PDF Sample applications Tech

How to Programmatically Redact Data from PDFs

by PDF SDK | September 29, 2020

When your web application needs to allow users to download reports, charts, or invoices, PDFs are a great option. However, there are times when you must remove personal information from the PDFs you generate. For example, an administrator in your application may be permitted to view all user data, but other users may be restricted in what they can view. The need to limit access is especially relevant in applications that store a user’s address, phone number, date of birth, or government identification numbers. Due to regulatory and security requirements, you may need to hide this information from your app’s user interface and any PDFs it creates.
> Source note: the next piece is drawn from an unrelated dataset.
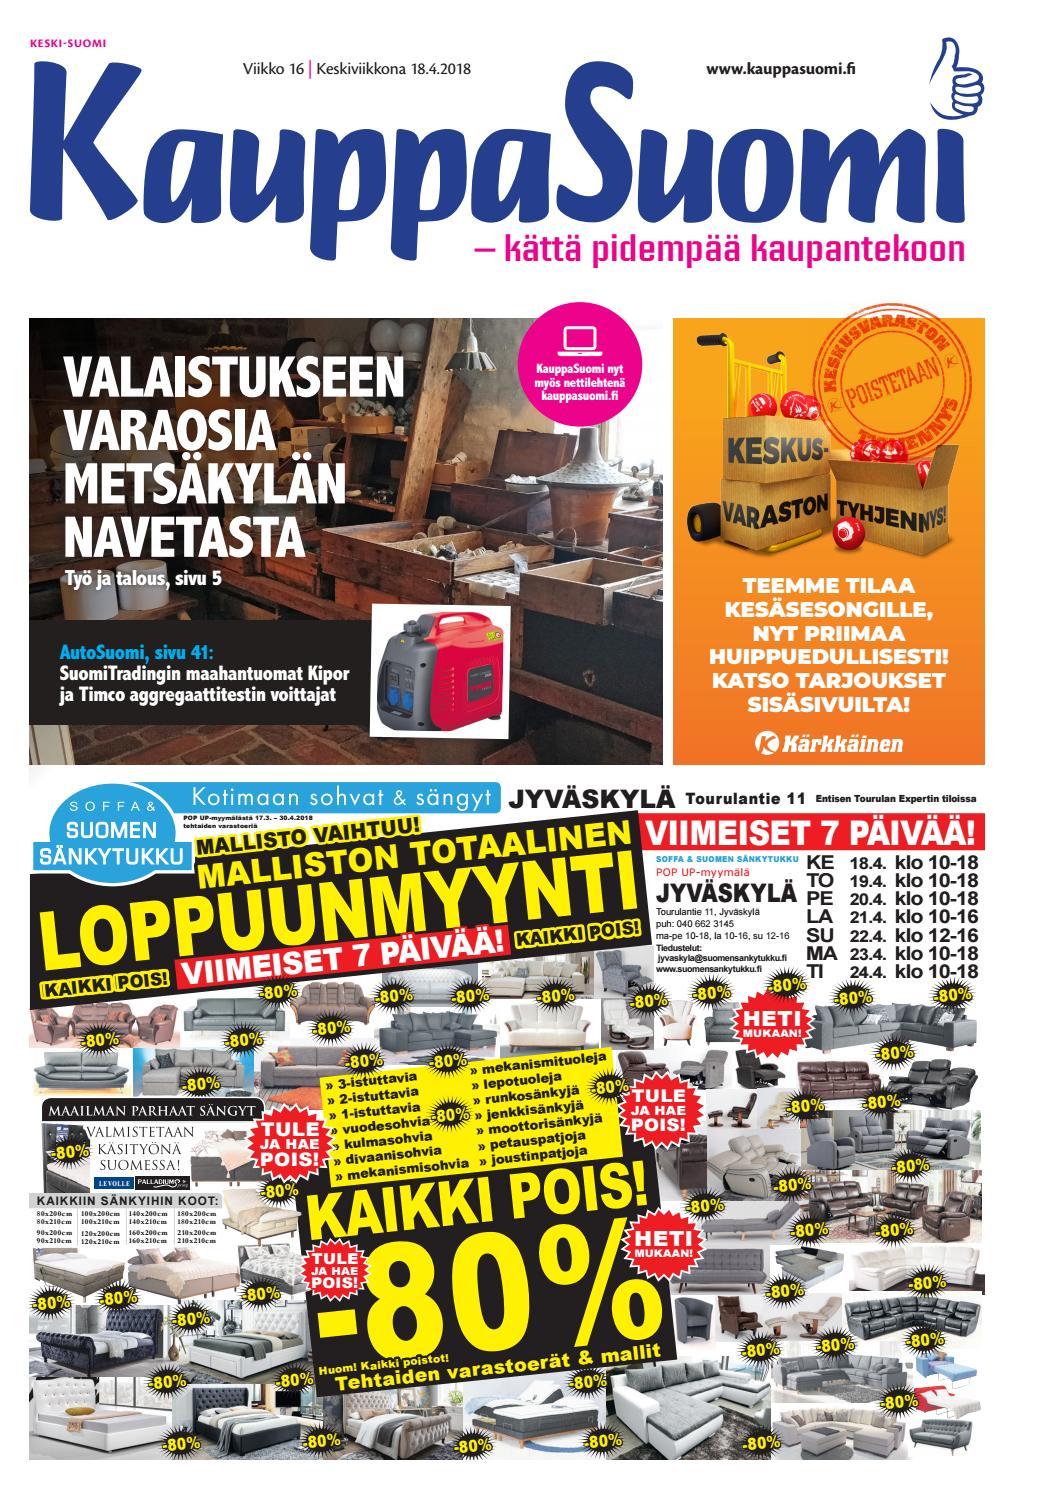 Suomen Sänkytukku

Fortunately, Foxit has a PDF library for .NET & .NET Core applications that allows you to build data redaction into any PDFs you generate. Our library dramatically reduces the amount of work required to generate PDFs that contain sensitive user data.

In this tutorial, you’ll see how to create a .NET Core Razor Pages web application that will generate a PDF with private data visually redacted. The application is available on GitHub if you want to see the final application, or you can follow along to learn how it works.

Building the Application

This web application will use Foxit PDF SDK to generate a PDF using customer data stored on your filesystem. It will look for instances of “SIN:” (indicating a user’s Social Insurance Number) and hide the data on that line with a black box. While this is a relatively simple algorithm, you can see how it could be expanded to build a robust data protection layer into your PDF generation process.

Prerequisites

A recent version of .NET Core such as version 3.1

– An IDE that supports .NET Core development like Visual Studio 2019 or JetBrains Rider

– Download Foxit PDF SDK for .NET Core on Windows using a free trial

Creating a New .Net Core Web Application

When building any new .NET based application, Microsoft and the community recommend using .NET Core (or the upcoming re-branded .NET version 5).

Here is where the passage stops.